# [DATA SEGMENT]
*-*-*

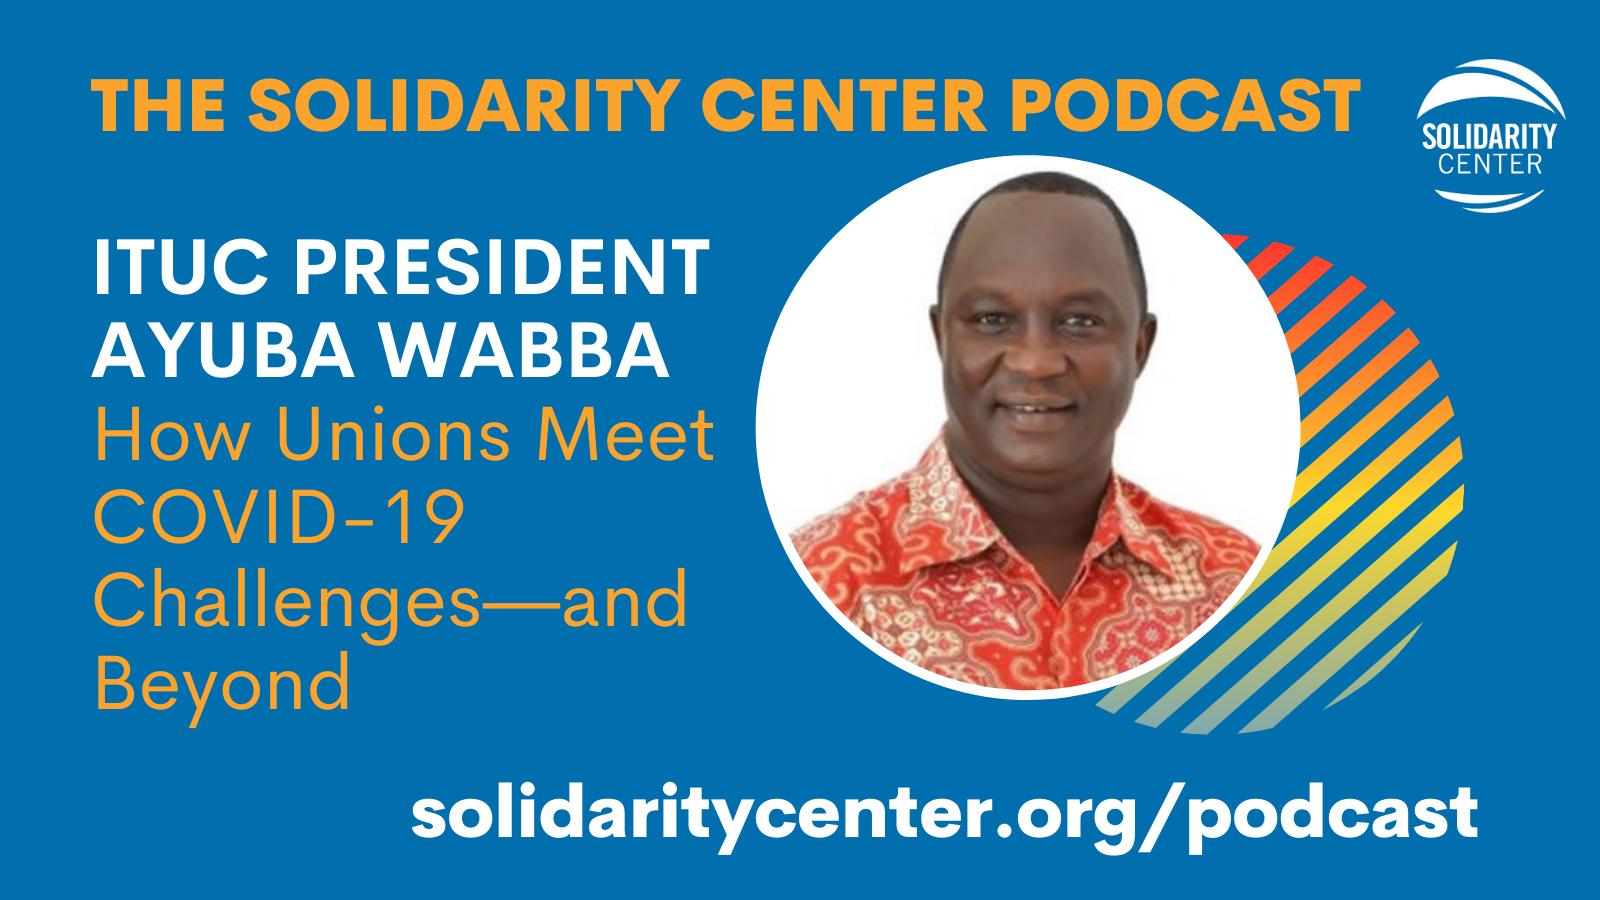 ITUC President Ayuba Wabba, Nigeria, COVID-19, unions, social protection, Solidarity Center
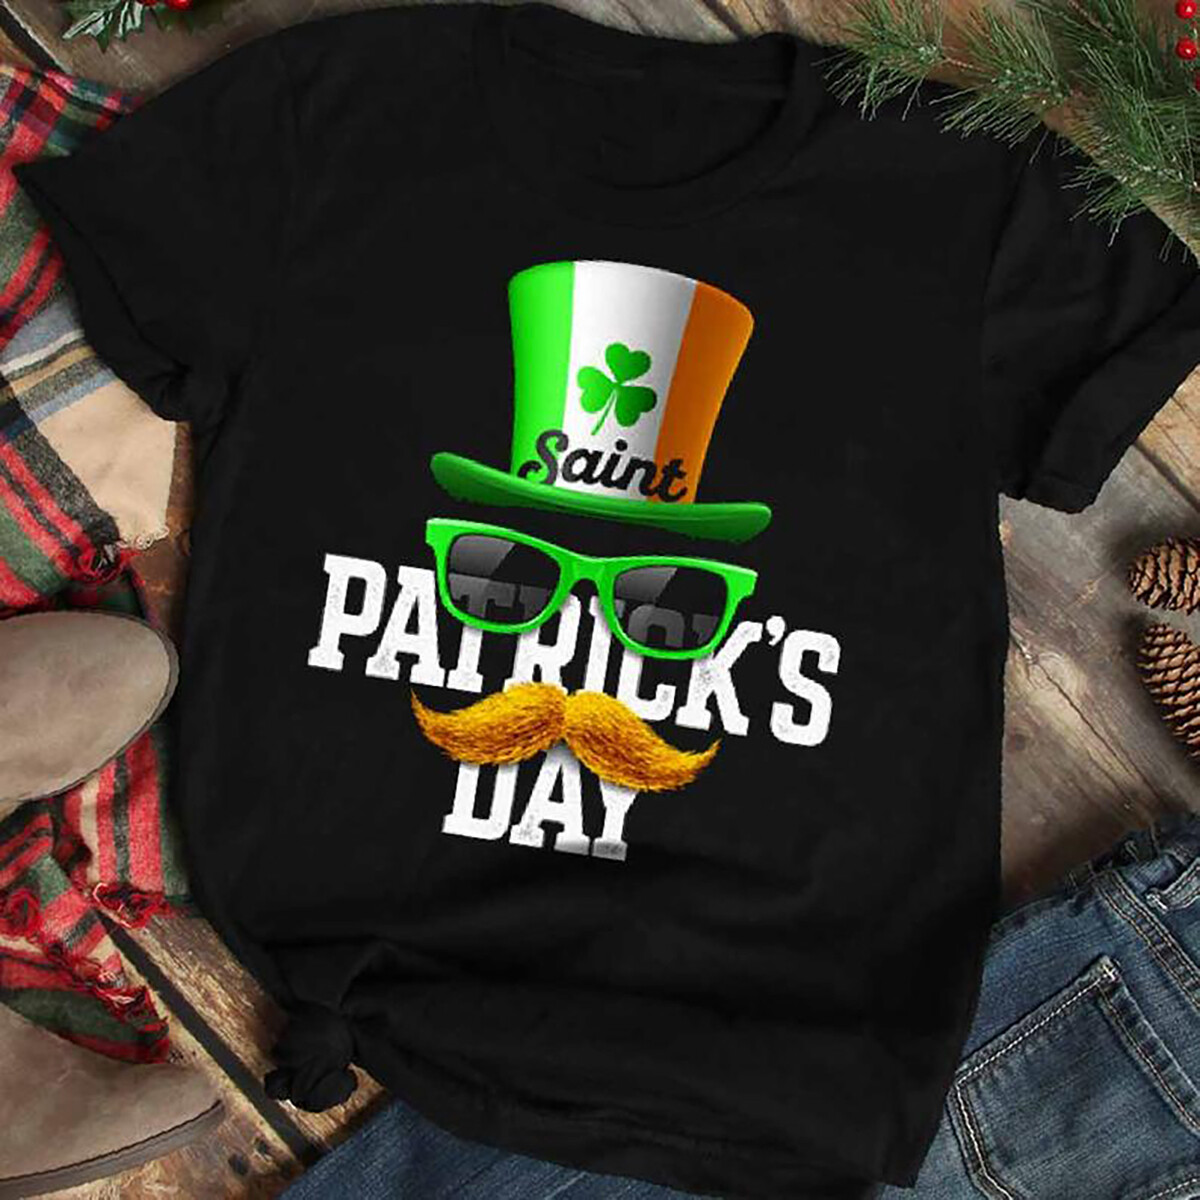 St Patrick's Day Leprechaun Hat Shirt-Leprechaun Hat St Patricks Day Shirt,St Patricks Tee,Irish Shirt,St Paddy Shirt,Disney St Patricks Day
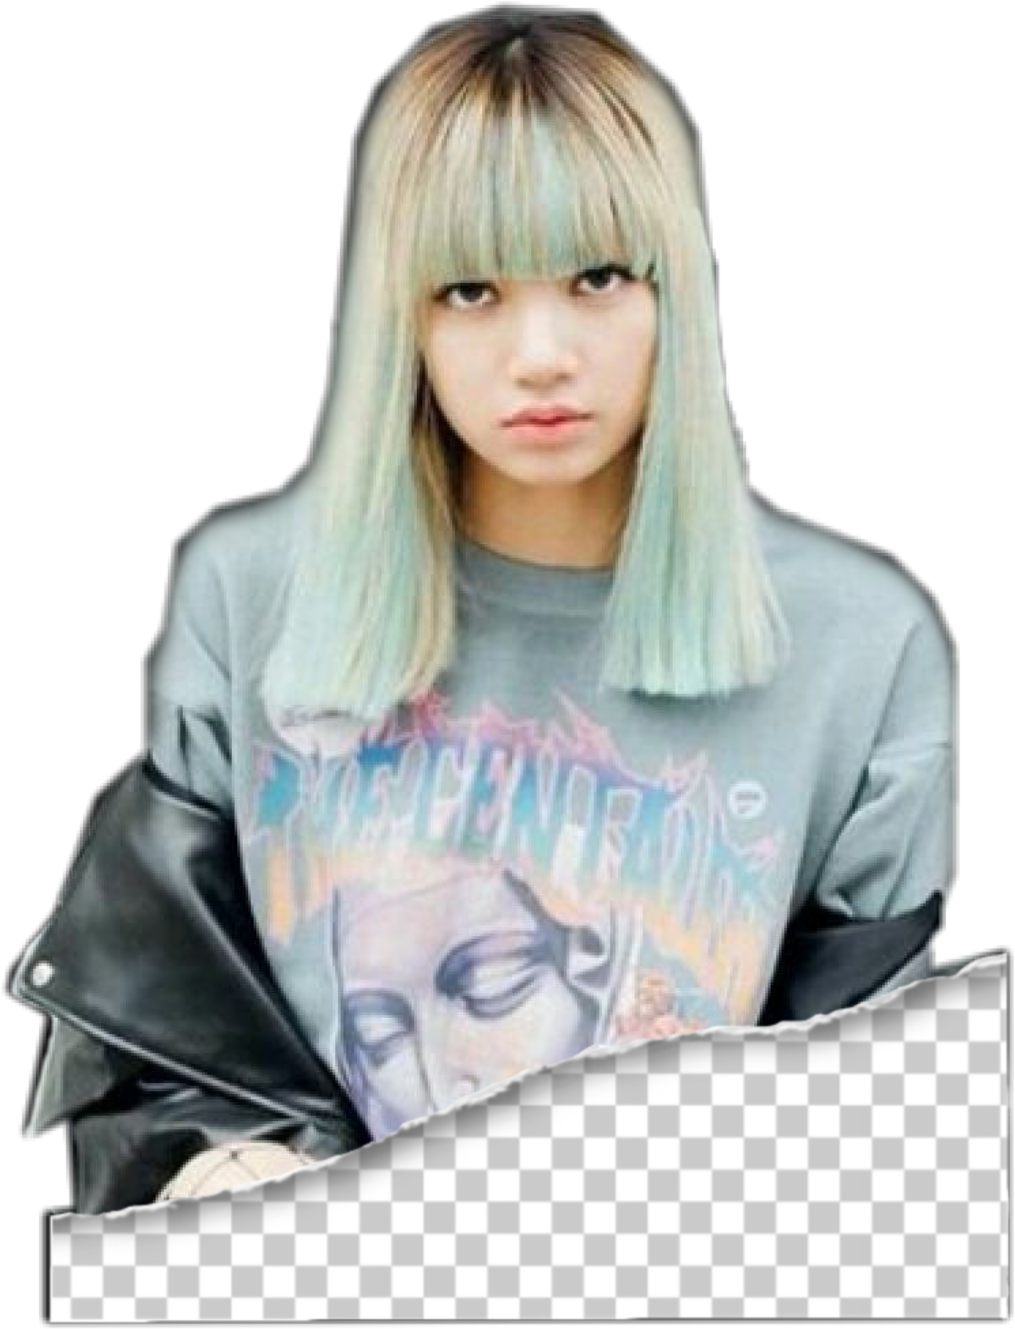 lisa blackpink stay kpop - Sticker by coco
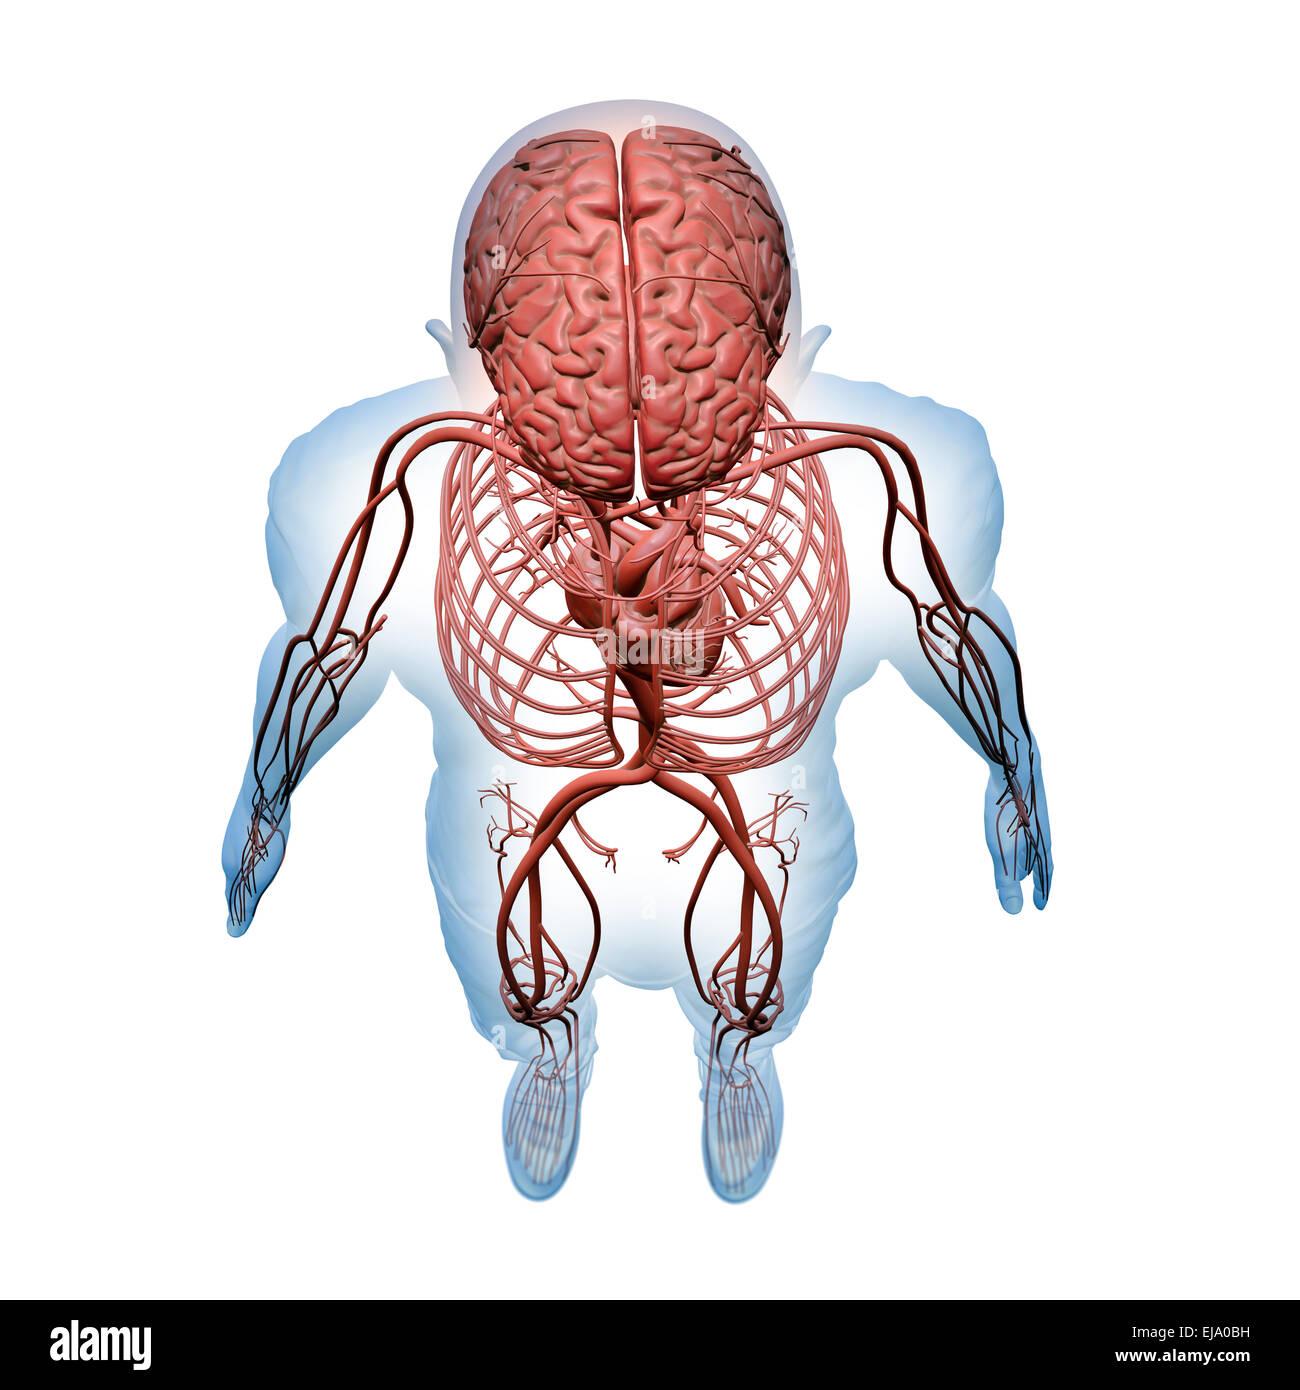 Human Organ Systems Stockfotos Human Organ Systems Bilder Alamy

*-*-*

# [WORK ORDER]
Could you repeat all of the data exactly, minus the pictures?

# [EXERCISE SOLUTION]
 ITUC President Ayuba Wabba, Nigeria, COVID-19, unions, social protection, Solidarity Center
 St Patrick's Day Leprechaun Hat Shirt-Leprechaun Hat St Patricks Day Shirt,St Patricks Tee,Irish Shirt,St Paddy Shirt,Disney St Patricks Day
 lisa blackpink stay kpop - Sticker by coco
 Human Organ Systems Stockfotos Human Organ Systems Bilder Alamy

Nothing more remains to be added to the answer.